Fecha de la búsqueda

La evidencia está actualizada hasta: 18 de febrero 2016.

Características de los estudios

Se incluyeron cuatro ensayos aleatorizados con 200 participantes. La duración de los ensayos varió entre una dosis única y 24 meses de tratamiento. Tres ensayos compararon la insulina (administrada con una jeringa) con los comprimidos de repaglinida y reclutaron a 180 pacientes entre todos. Los participantes en el ensayo tenían una edad media de 25 años y diabetes de leve a grave. Uno de estos ensayos (73 pacientes) comparó los dos grupos de tratamiento directamente durante un período de dos años; los dos ensayos restantes tuvieron cada uno un tercer brazo de tratamiento; uno (siete pacientes) comparó dosis únicas de insulina con repaglinida y con ningún tratamiento y el otro (100 pacientes), comparó la insulina con repaglinida y con placebo (una tableta simulada sin medicación activa) durante 12 meses. En el cuarto ensayo se reclutaron 20 participantes con una edad media de 34 años y se comparó la insulina de acción prolongada glargina con la insulina protamina neutra Hagedorn de acción corta durante un período de 12 semanas.

Resultados clave

No fue posible demostrar que alguno de los tratamientos fuera mejor que los demás. Solo se observaron unos pocos casos de hipoglucemia (bajo nivel de azúcar en la sangre) en tres de los cuatro ensayos (ninguno en el ensayo más largo), pero se resolvieron sin tratamiento adicional. Todavía se necesitan estudios a largo plazo para determinar cómo el control de la diabetes relacionada con la fibrosis quística afecta la función pulmonar.

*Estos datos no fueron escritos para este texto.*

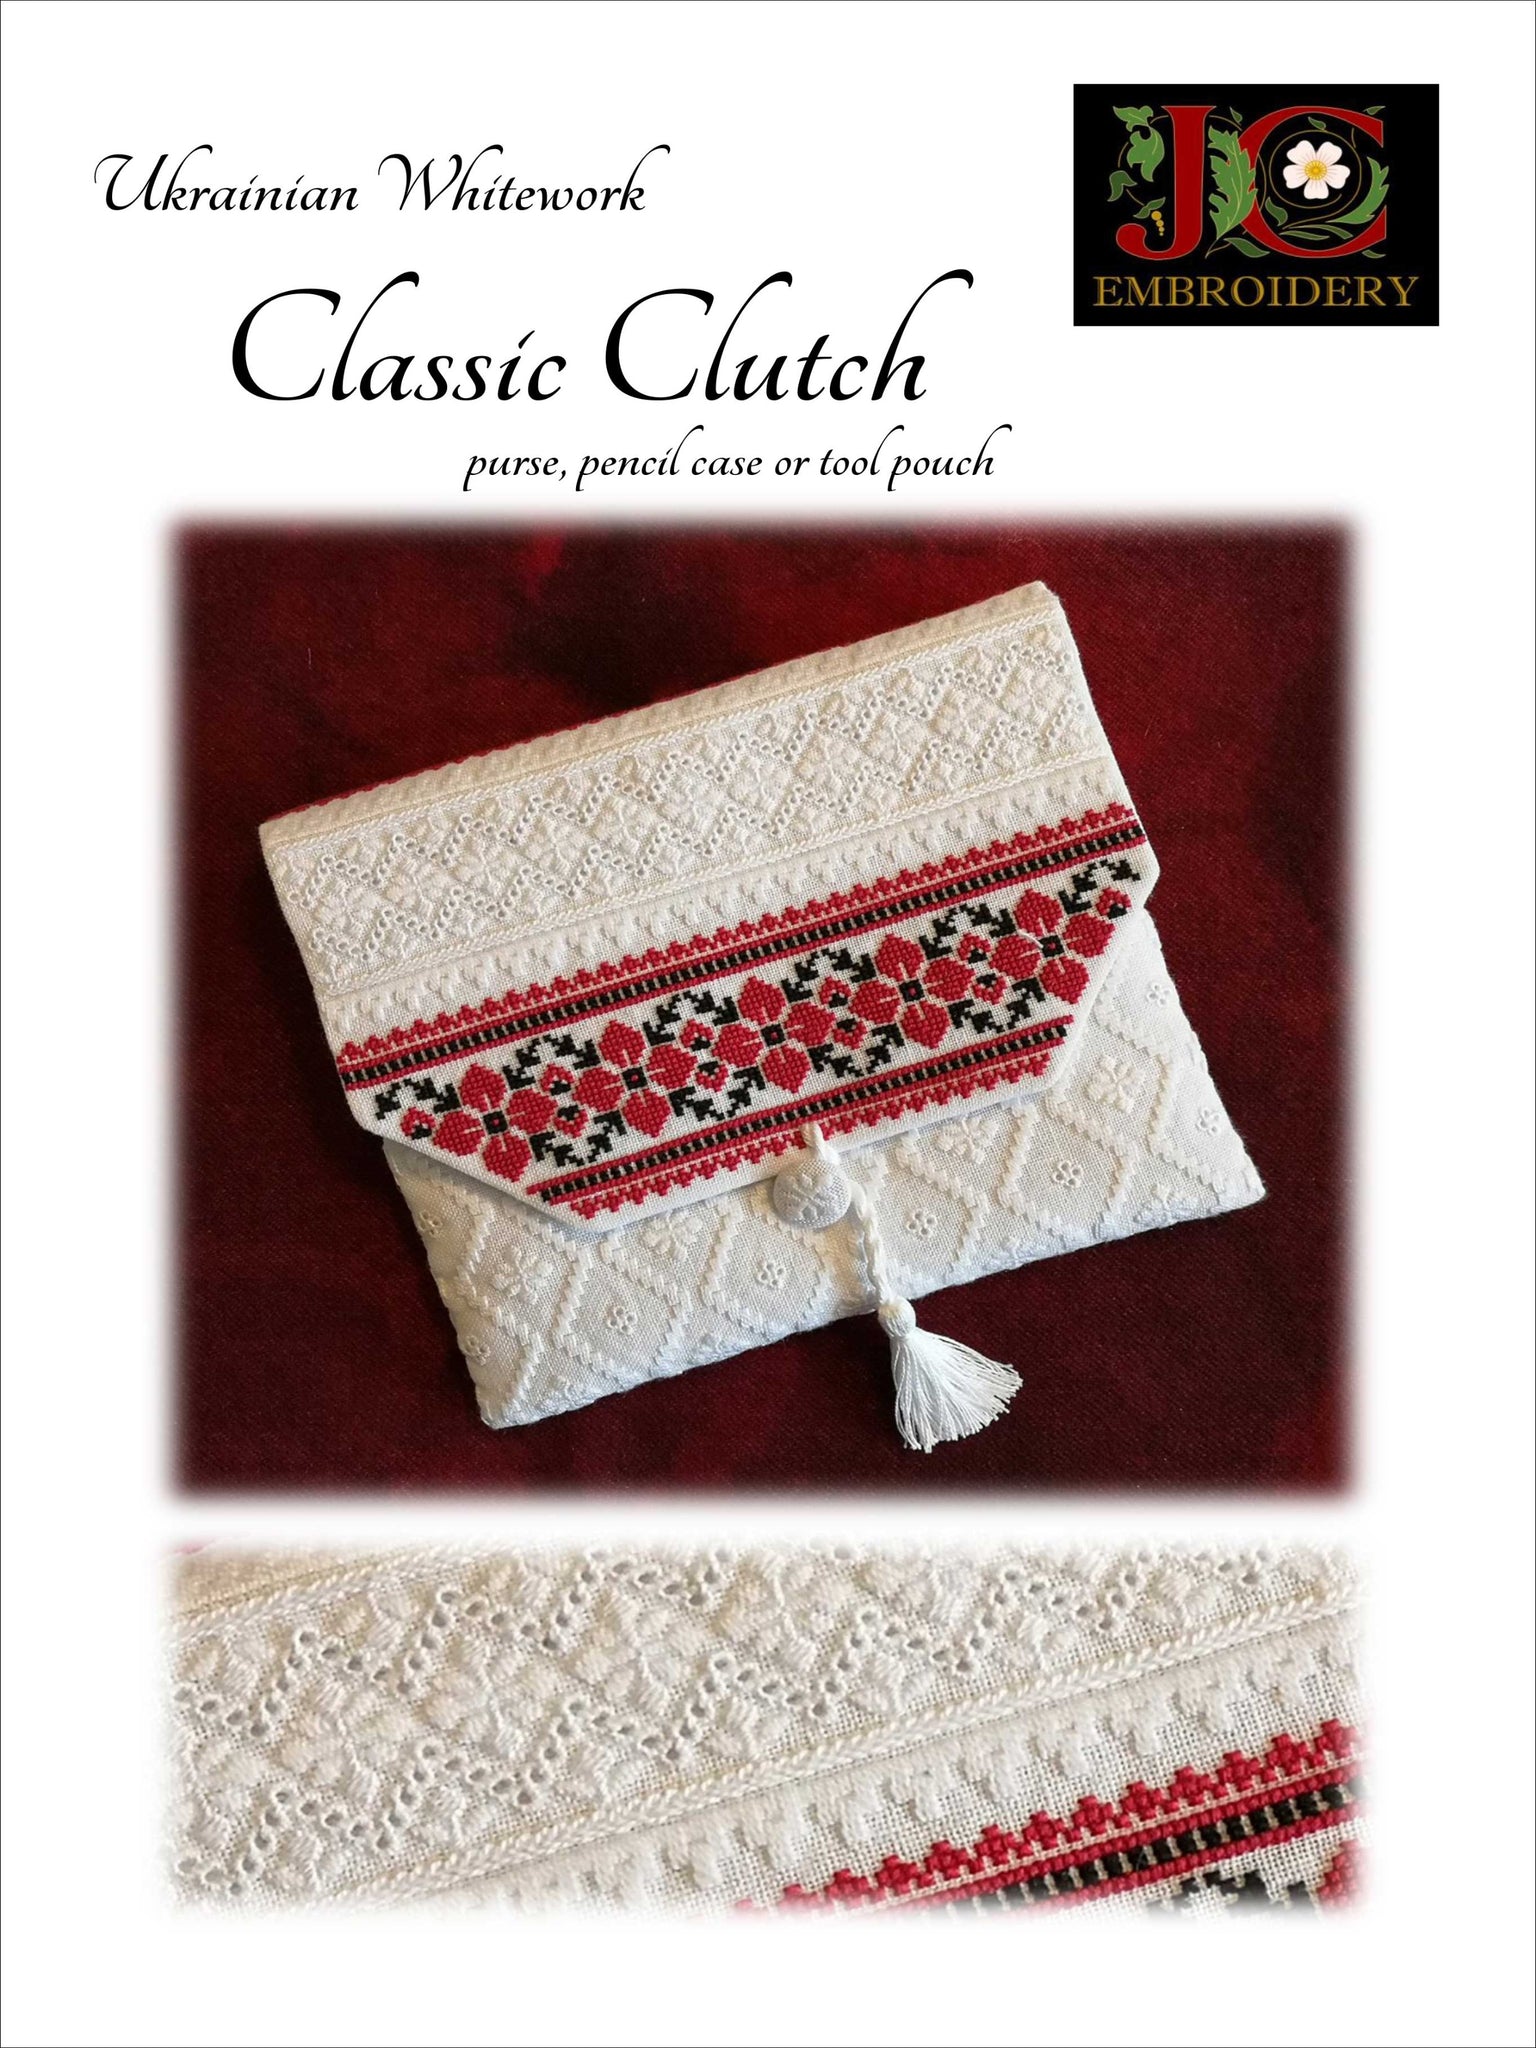 Classic Clutch - Ukrainian Whitework

También se necesitan estudios de investigación sobre la administración de agentes en combinación con insulina para mejorar su acción, especialmente los agentes con potencial antiinflamatorio adicional.

Calidad de la evidencia

Los participantes habrían podido decir en su mayoría qué tratamiento recibían (p.ej. insulina mediante una jeringa o repaglinida en forma de tableta), por lo que se considera que hubo alto riesgo para el cegamiento en todos los ensayos (excepto cuando se compararon las tabletas de repaglinida con las tabletas placebo [simuladas]). En dos ensayos fue satisfactorio que los participantes se colocaran en los diferentes grupos de tratamiento completamente al azar; sin embargo, los otros dos informes de los ensayos no fueron claros en cuanto a cómo se decidió en qué grupo se colocaron los participantes. En un solo ensayo estuvo claro que nadie conocía de antemano en qué grupo se pondrían los participantes, en los otros tres ensayos no se dieron detalles. En un solo ensayo estuvo claro que nadie conocía de antemano en qué grupo se colocaría al participante, en los otros tres ensayos no se dieron detalles. Podría haber cierto sesgo si se conociera de antemano en qué grupo estaría el siguiente participante, p.ej. los participantes más sanos se podrían colocar en un grupo para mostrar mejores resultados con ese tratamiento. También hubo muchos resultados que no se informaron completamente en las publicaciones. Por último, puede haber sesgo en los resultados, ya que las cantidades de insulina y repaglinida administradas no fueron comparables.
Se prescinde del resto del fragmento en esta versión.